▶ **Work order**
Restate, exactly as written, the entries below from the line that holds "Sultan Flashtips Disposable" through the line that holds "Monosaccharides and Disaccharides". Pictures are not part of the copy.

START Task data

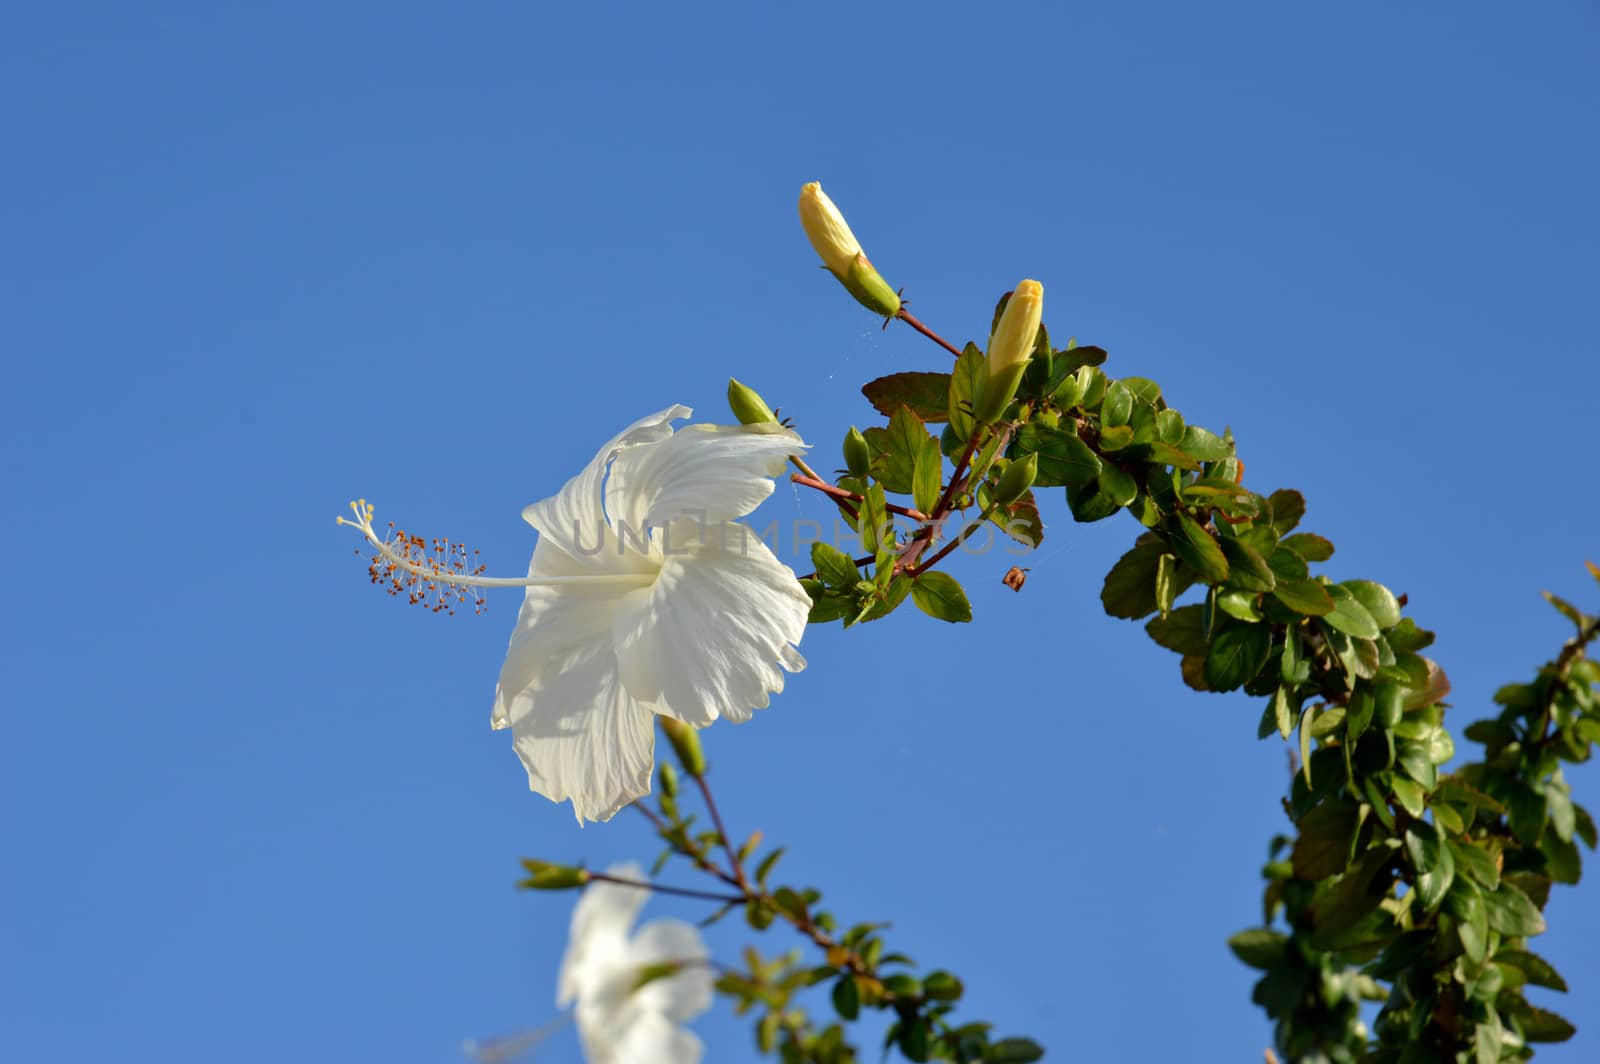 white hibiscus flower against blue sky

END Task data
START Task data

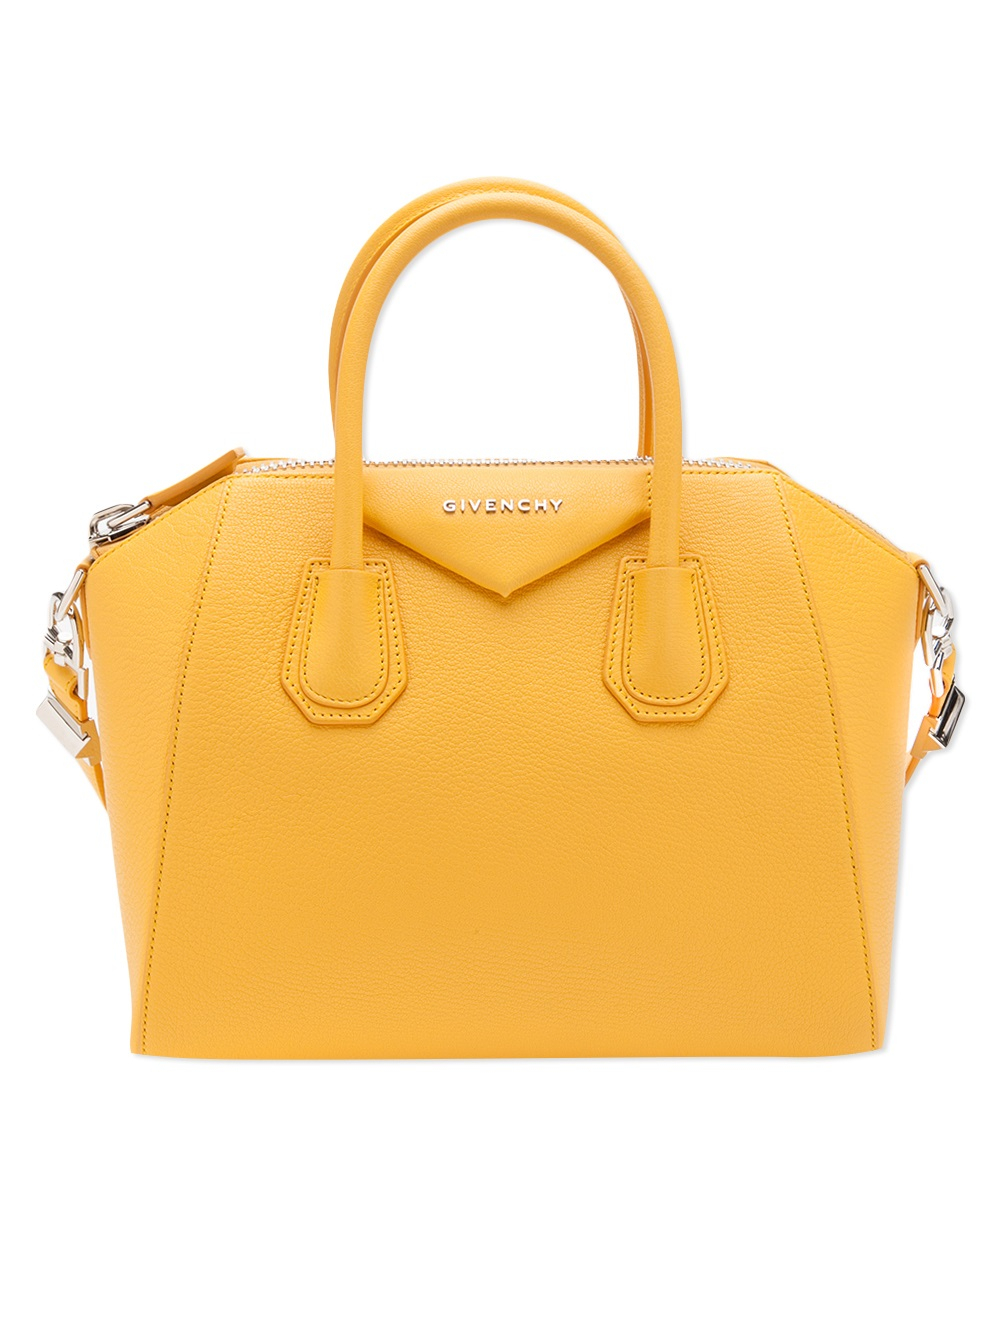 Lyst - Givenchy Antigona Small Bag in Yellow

END Task data
START Task data

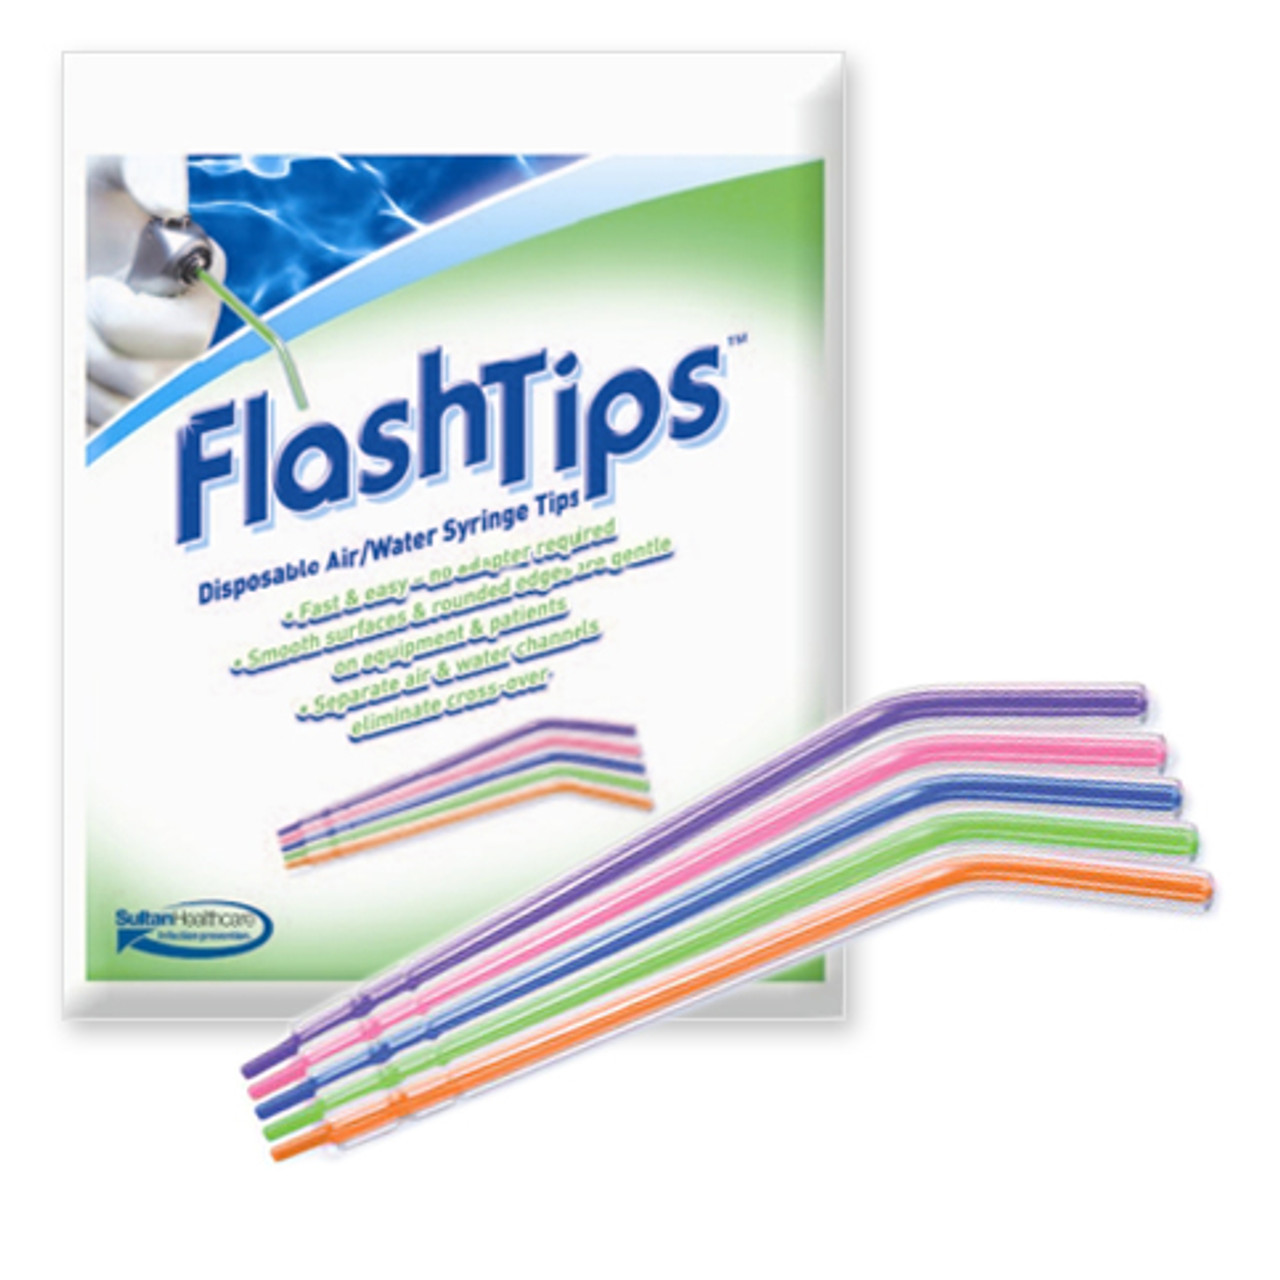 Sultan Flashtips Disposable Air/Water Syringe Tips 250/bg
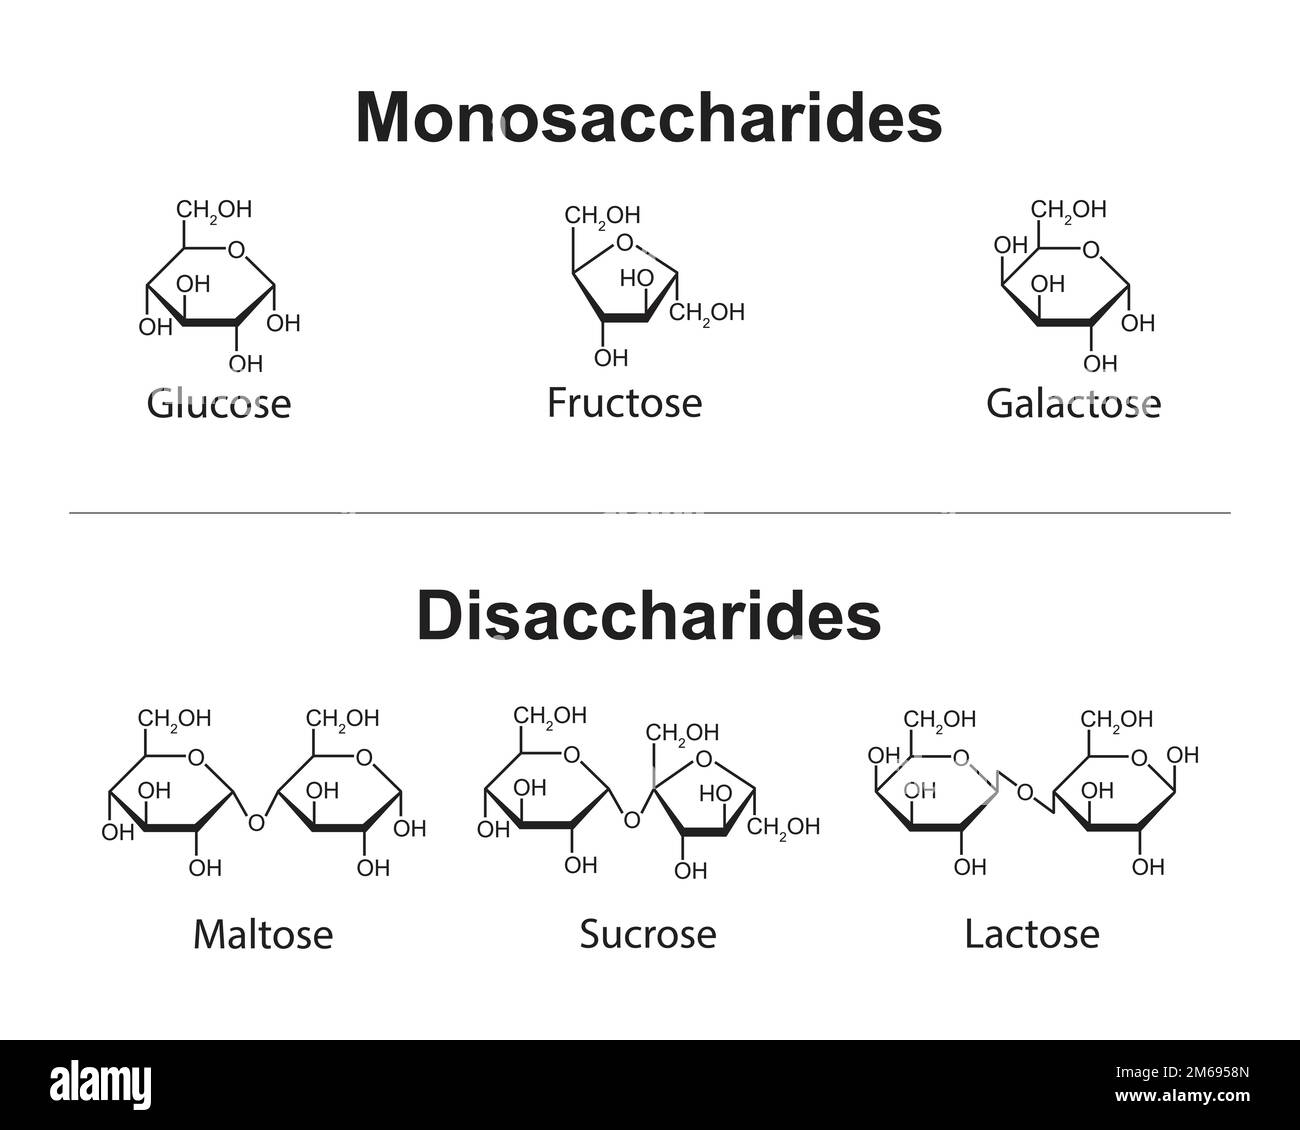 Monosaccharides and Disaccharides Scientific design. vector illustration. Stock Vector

END Task data

▶ **Exercise output**
 Sultan Flashtips Disposable Air/Water Syringe Tips 250/bg
 Monosaccharides and Disaccharides Scientific design. vector illustration. Stock Vector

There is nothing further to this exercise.